- The Saint Bernard is one of the largest dogs in the world with some members of the breed outweighing Mastiffs.
- The ancestor of the St. Bernard was known as the Swiss Cattle Dog. It earned its name after popping up in hospice records in the Great St. Bernard Pass in 1707.
- It is one of the most commonly employed mountain dogs in the world, with tales of its heroism following blizzards and avalanches stretching back hundreds of years.
- St. Bernards were on the verge of extinction following a rash of avalanches between 1816 and 1818. The survivors were crossbred with Newfoundlands to keep the population stable, resulting in somewhat of a smaller dog and longer fur which made them unsuitable for rescue operations for a number of years.
- The St. Bernard is the national dog of Switzerland.
Few breeds can attain the same legendary status as the St. Bernard. With tales of their heroism going back hundreds of years, this breed hardly needs an introduction. It is beloved, revered, and an instantly recognizable breed.
As a working dog, its strength is unmatched. As a house pet, though, it does have some deficiencies. The thick coat is notoriously difficult to groom and constantly sheds. Couple that with the St. Bernard’s habit of drooling profusely and you have one messy dog. In addition, it is quite large and clumsy, making it difficult to navigate around furniture. This makes the St. Bernard not the most ideal house pet.
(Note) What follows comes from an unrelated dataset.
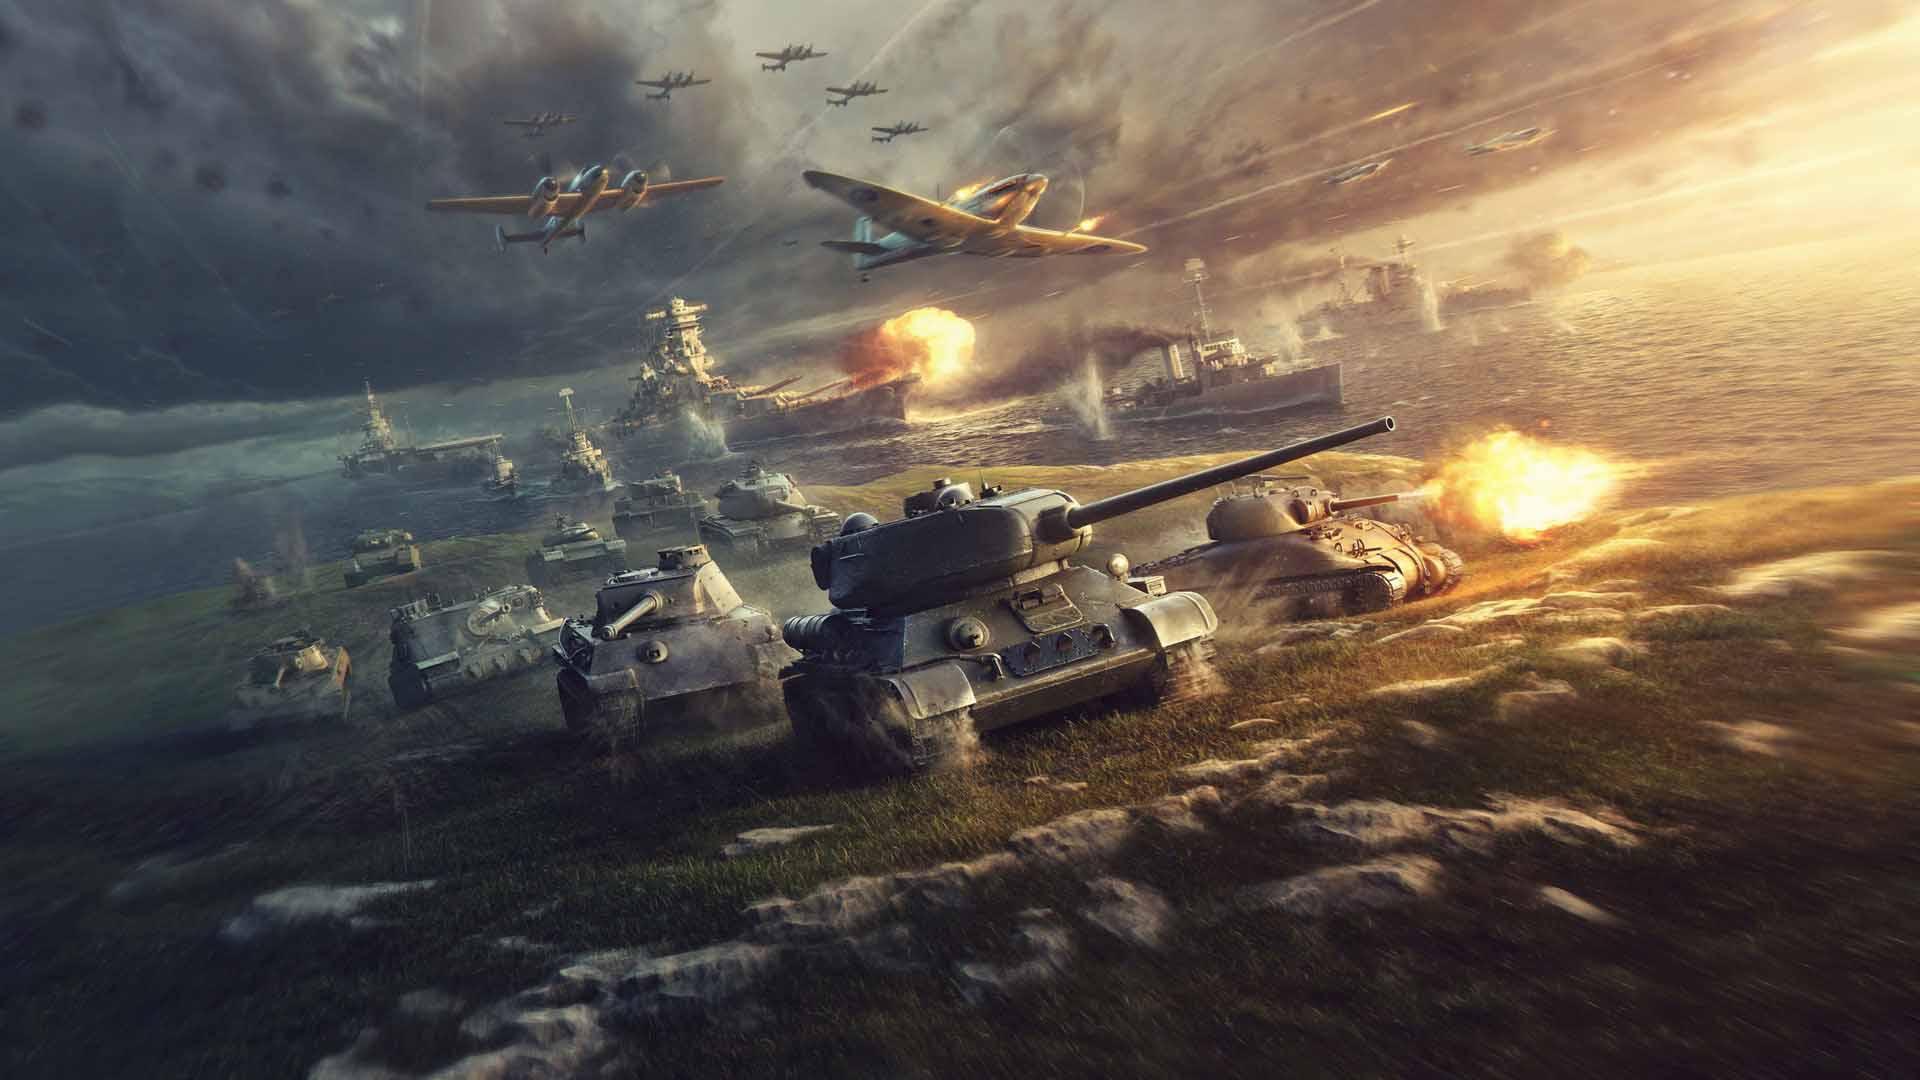 Красивые картинки танков World Of Tanks - смотреть бесплатно 10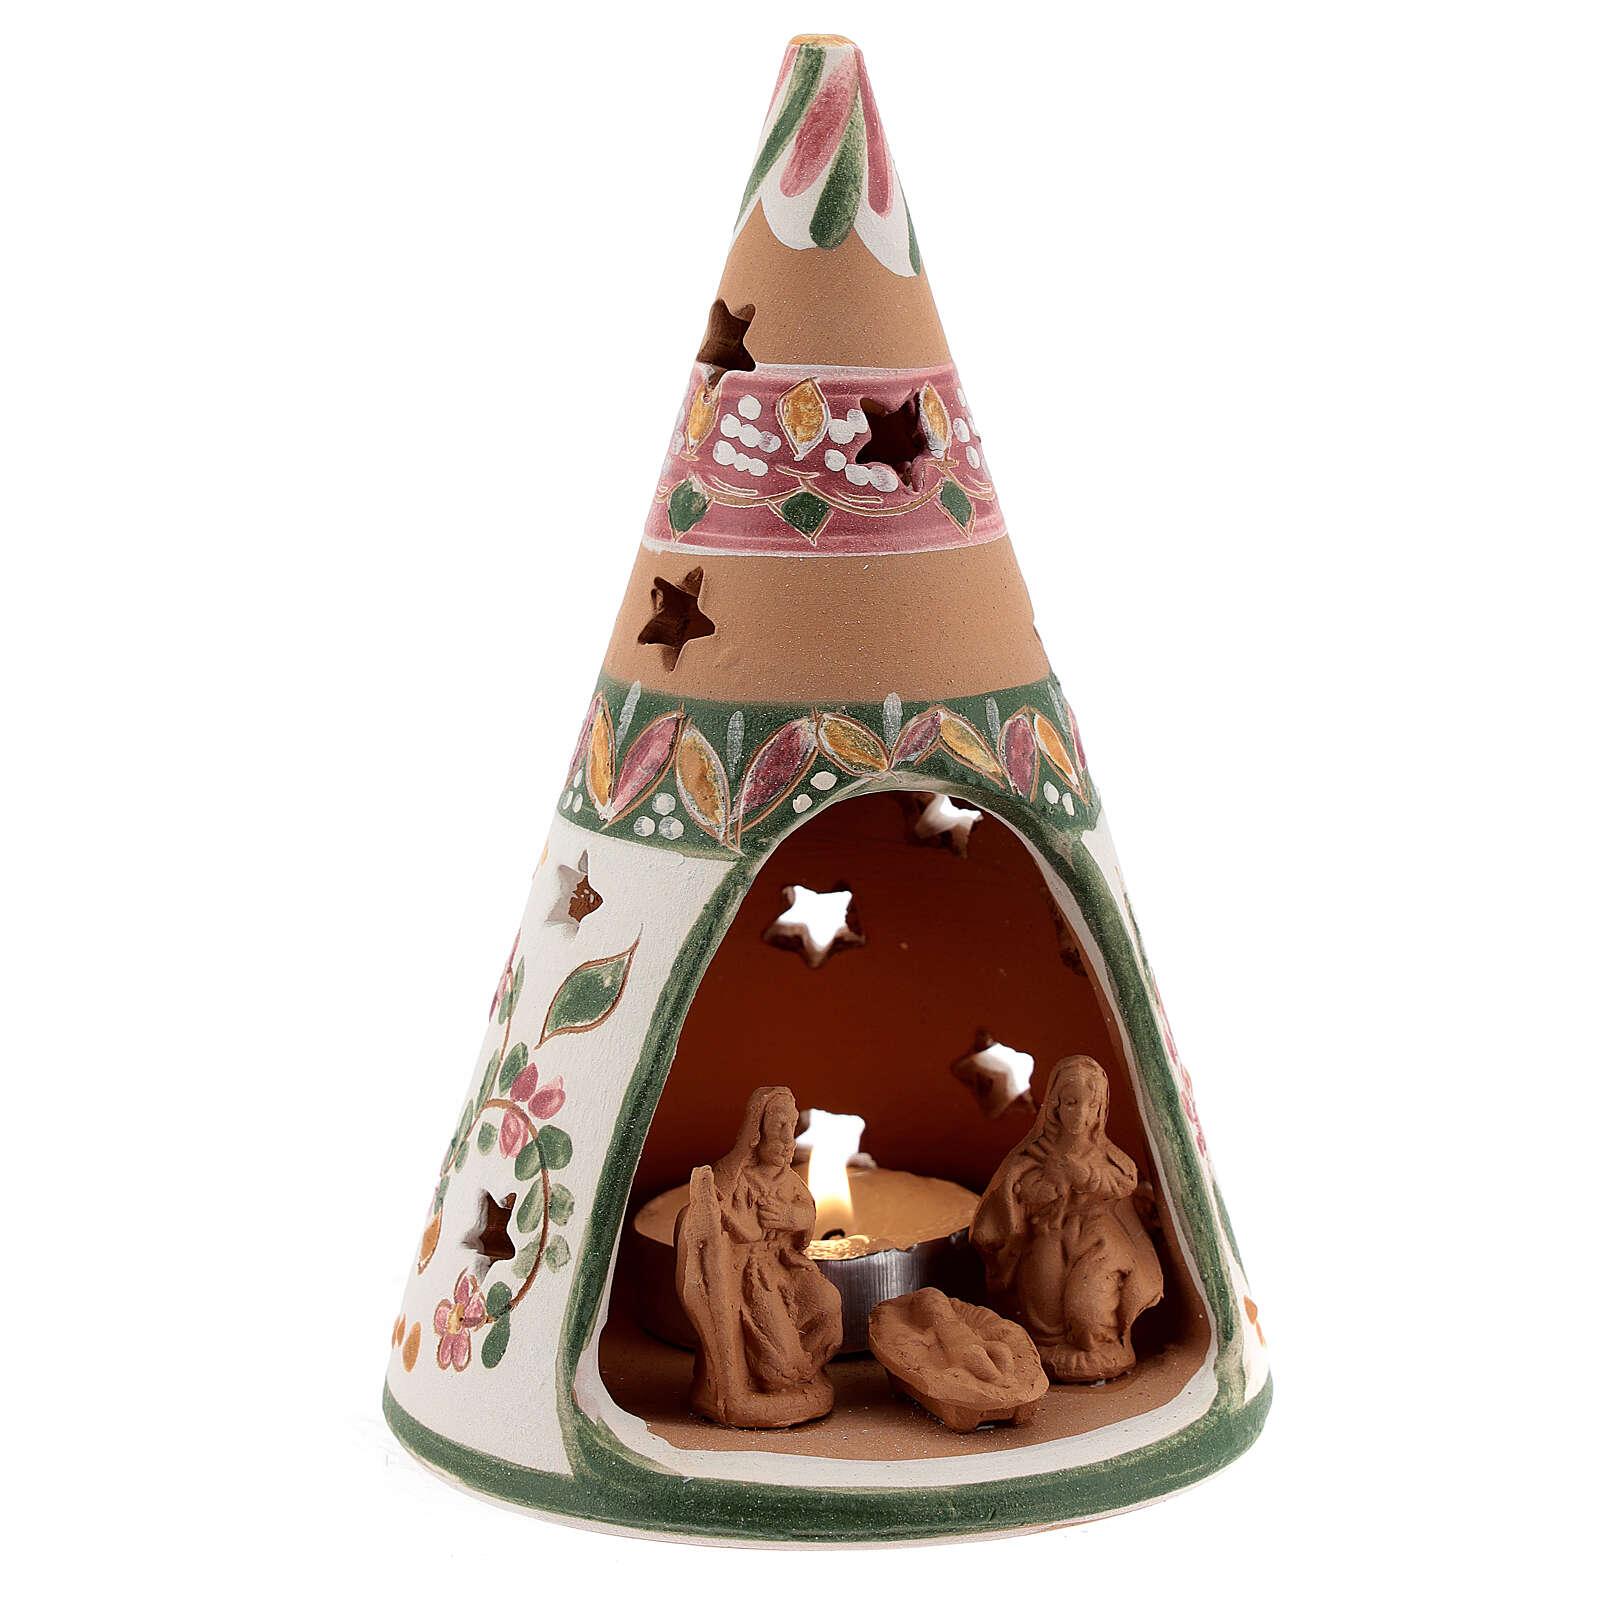 Cono Sacra Famiglia terracotta naturale lumino Deruta 15 cm decori rosa 4

When you put the mess aside, however, the St. Bernard is the epitome of the phrase “gentle giant.” It is extremely loyal to its owners and very patient. It also gets along famously with children, making it the ideal childhood companion. They are calm, affectionate, and get along with other dogs as well. In addition, they are a superior watch dog with a deep, booming bark that is sure to scare off any midnight intruders.
Strong social training is required to make the St. Bernard friendly to strangers. It does not have a strong protective or territorial streak, so it rarely attacks potential threats, but barks at unfamiliar people. Vigorous physical exercise is needed to keep the breed happy, though it is also perfectly content to keep you company at home.
St. Bernards are extremely large dogs that grow into their adult configuration rapidly. This makes the breed susceptible to some serious musculoskeletal issues.
- Hip and elbow dysplasia are early onset in the breed. Arthritis sets in quite early as a result.
- The breed is susceptible to a number of eye problems such as glaucoma, as well as entropion and ectropion, causing the eyelid to turn inward and outward, respectively.
- Epilepsy is a common problem in the breed.
- Bone cancer is hereditary in a number of different lines, so be sure to reference the pup’s pedigree.
- The world record holder for largest dog in the world was held by a St. Bernard named Benedictine V Schwarzwald Hof, who weighed in at 315 pounds before he was beaten out by an Irish Wolfhound.
- Beethoven, the titular character from a series of family movies, was a St. Bernard.
- Barry is a national hero in Switzerland. In his 12 years of service starting in 1800, he saved over forty people in the Great St. Bernard Pass. The legends surrounding him state that he died saving another person from an avalanche; however, this is not true. He is preserved at the Natural History Museum of Bern.
- Several sports teams use St. Bernards as their mascots, including the New Orleans Saints of the NFL and the Colorado Avalanche of the NHL.
- St. Bernards are common fixtures in books as well. Buck, a St. Bernard mutt in The Call of the Wild by Jack London and the titular character from Stephen King’s Cujo, are the most famous literary Bernies.